Question

In: Finance

Calculate the following stock valuation problems using Microsoft Excel: Company X is paying an annual dividend of...

Calculate the following stock valuation problems using Microsoft Excel:

Company X is paying an annual dividend of $1.35 and has decided to pay the same amount forever. How much should you pay for the stock, if you want to earn an annual rate of return of 9.5% on this investment?


You want to purchase common stock of Company X and hold it for 7 years. The company just announced they will be paying an annual cash dividend of $6.00 per share for the next 9 years.
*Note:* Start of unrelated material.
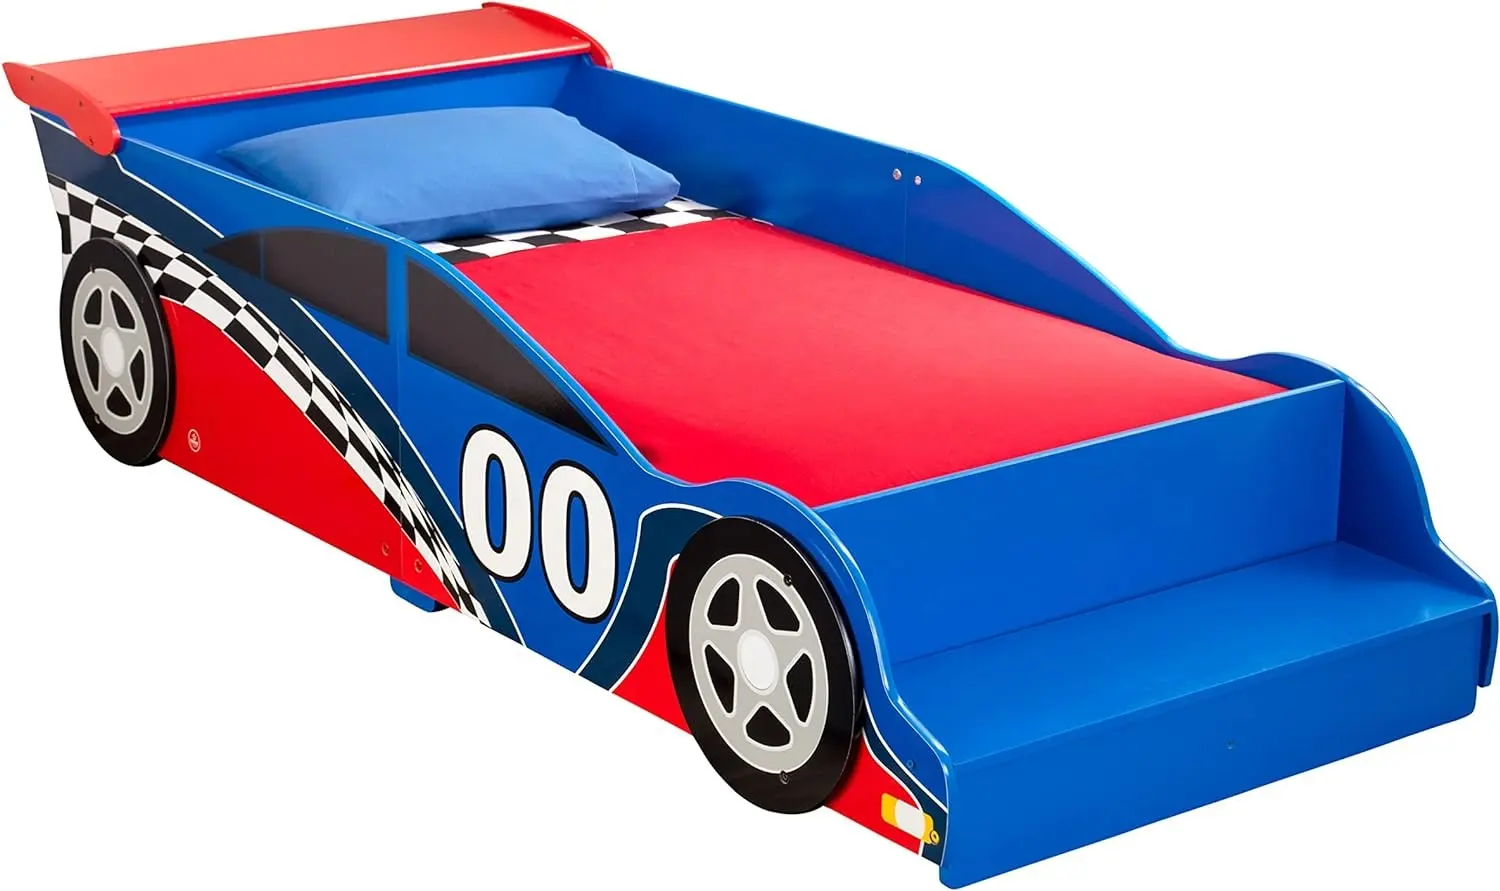 Toffy   Friends bed for kids kids racing bed kids bed

How much should you pay for the stock, if you will be able to sell the stock for $28 at the end of seven years and you want to earn an annual rate of return of 11% on this investment?


Solutions

Expert Solution

1) D0 1.35
The stock is paying a constant dividend of 1.35 in perpetuity
D1 1.35
According to the dividend growth model,
when the stock pays a constant dividend the price of the stock P0 is given by
P0 = D1/(R)
where R is the discount rate that is .095.
P0 = 1.35/(.095)
P0 = 14.21
You should pay $14.21 for the stock.
2) The stock pays will pay a dividend of $6 for the next 9 years.
D1 6
D2 6
D3 6
D4 6
D5 6
D6 6
D7 6
P7 28
Cash flow at the end of year 7 P7+D7
Cash flow at the end of year 7 34
The price of the stock today = sum of present value of future cash flows.
Using R = .11
Year 1 2 3 4 5 6 7
Cash flow 6 6 6 6 6 6 34
Present value 5.41 4.87 4.39 3.95 3.56 3.21 16.38
sum of present values 41.76
You should pay $41.76 for the stock today.